Boys shooting stumps off the highway from the deer stand knew when to be quiet to catch animals grazing, but they said the silence was unbearable. The front road just as still as the fields at back property. Farmers could till terrain for a whole afternoon, trying to bury seeds shovel-deep, but the only noise at the end of it was the throb of their blisters. Even the chickens stopped nuzzling, clucking, rooting. Cars idled in the road when the bees fell. Some of us said the grass shriveled up right then and there. Flowers closed their wide chorus mouths and zucchini blooms folded into themselves like spitballs. The dogs kept tilting and leaning their heads, ears up to the sky like something was happening, but only in their frequency. 

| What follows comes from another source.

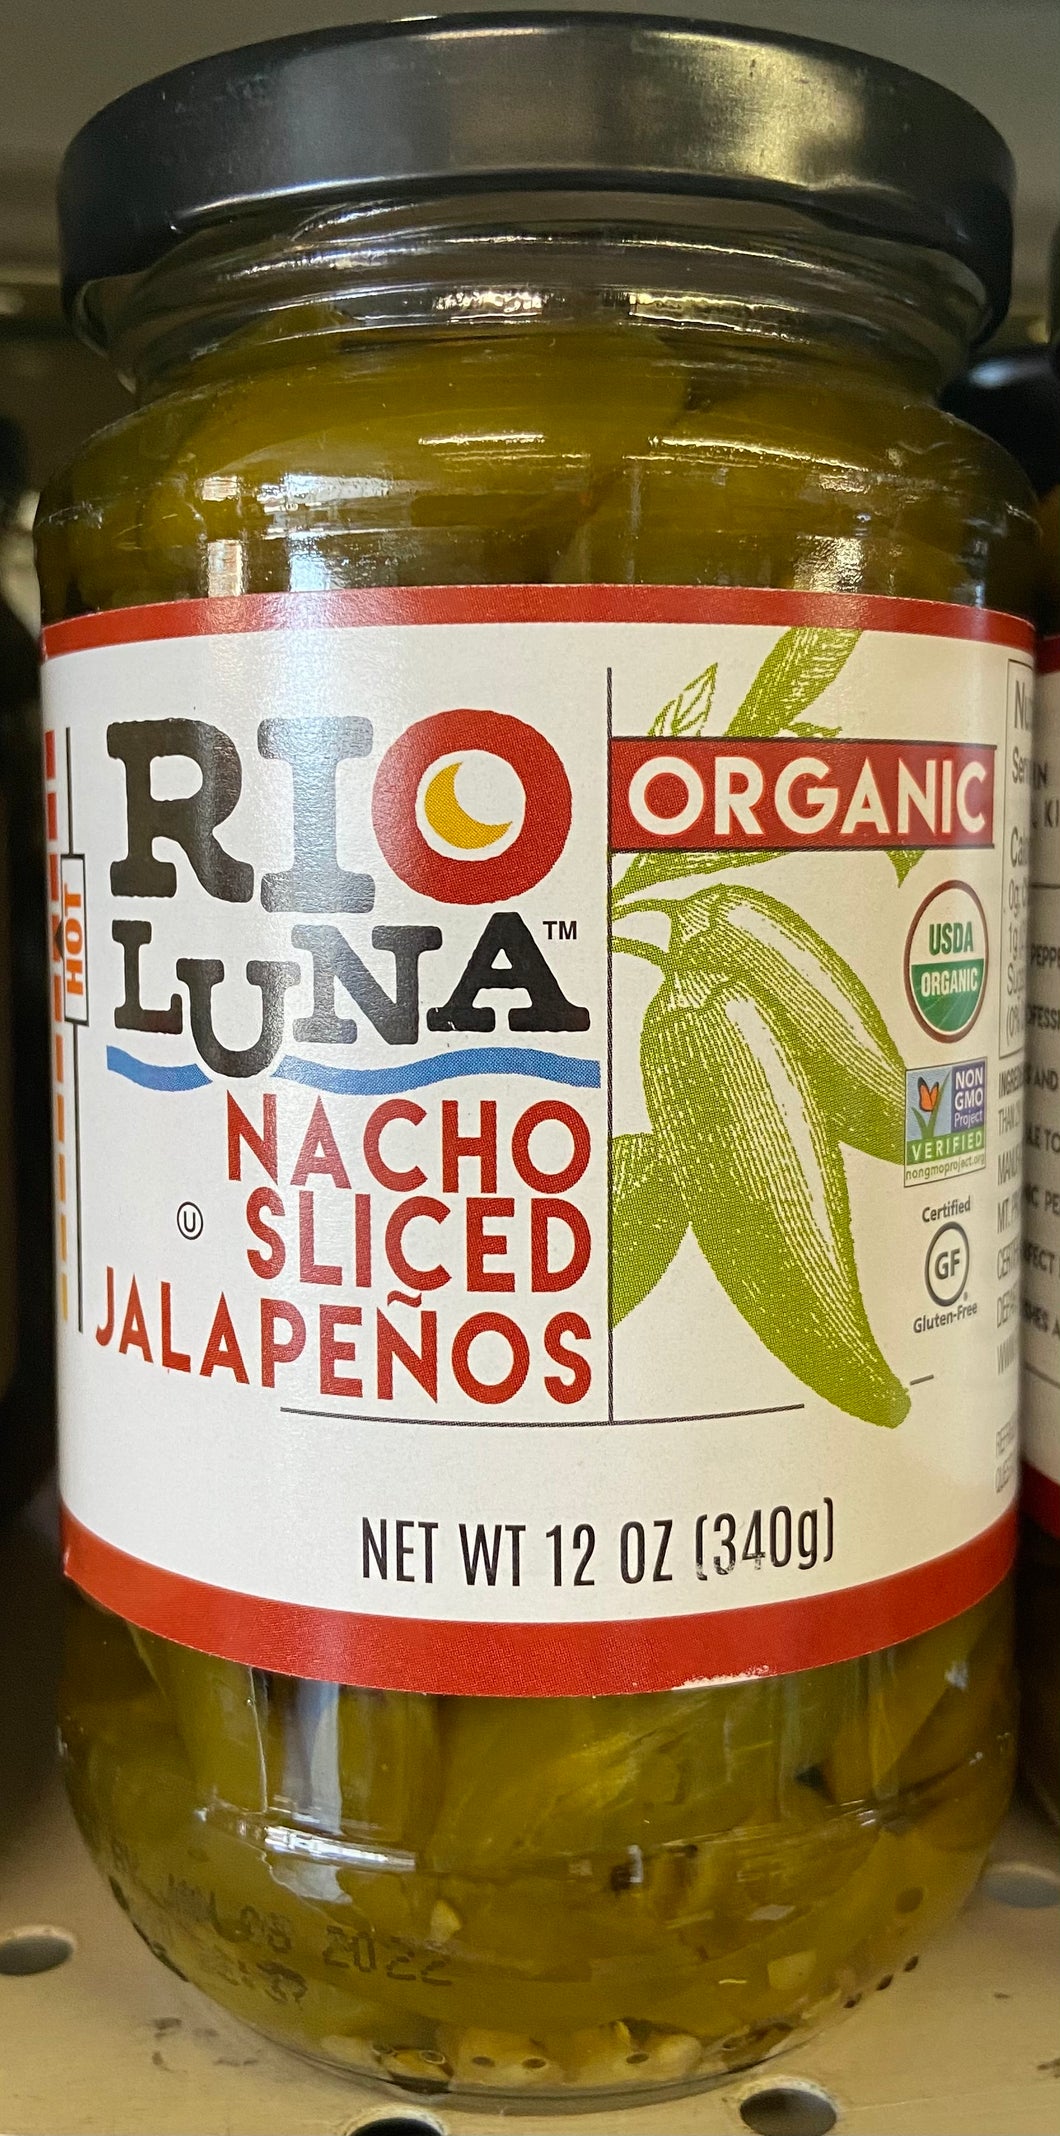 Peppers, Nacho Sliced Jalapenos, Hot Organic, Rio Luna

Maybe, one says, as stump preachers work the path of Appalachia, god was a woman this whole time. Just, think. Think for a second about the noise of wildness. Think how many more days creation would have taken a man. Cleanliness next to godliness. On the road, our wives trace fingers down our arms leaving tracks in the dirt residue. We don’t talk about the folks whose wives chose to stay. They mumble on with two left feet down the road. The dogs tilt their heads. The rest of us walk like the North Star isn’t in burnout. We keep to the forest edge in dappled light. We count the shotguns, the artillery belts, and the cans of beans. What is it, boy? We split the pickle brine jars between us in the evening. And we would count the stairs to the other side if they should appear before us. It would make due of dawdling.

Some of us refused to leave. How will she braid her hair? We try not to miss them, but little things gnaw at us like a worry stone. What if he forgets to turn off the stove again? We gave them our stuff like a cashless yard sale, told them what’s a keepsake, what’s just another thing we would leave if it was all burning. We showed them what to keep, and how.

The lack makes the walk to Heaven feel barren. Our wives no longer want to rub the knots out of our hair before bed. Our daughters have no buttercups to test underneath their chins. The trees fall like grown men. 

We don’t know what we’ll see when we get there. The pesticides weren’t just a southern treatment — that’s where we’re currently resting our blame. Ditch preachers call out that the north won again when we walk past. They’ve seen beyond our reaches, will read our palms for a dollar, & tell a fortune in any number of cards. Some of us are only guilty of believing them. One lady who used to work the cash register at the local grocery compares our new found beliefs to the Wheel of Fortune. Constantly changin’ with the spin of seasons. A neighbor’s daughter pretends to be Vanna White, holding her hands up like she’s got white evening gloves on. A letter just a wishing penny on her lips. We all think, like lanterns blinking on in gray dusk, surely there’ll be debutantes in heaven, surely a few kitten heel clicks will mark our way home. But maybe that’s just the farm in us speaking, the black and white parts.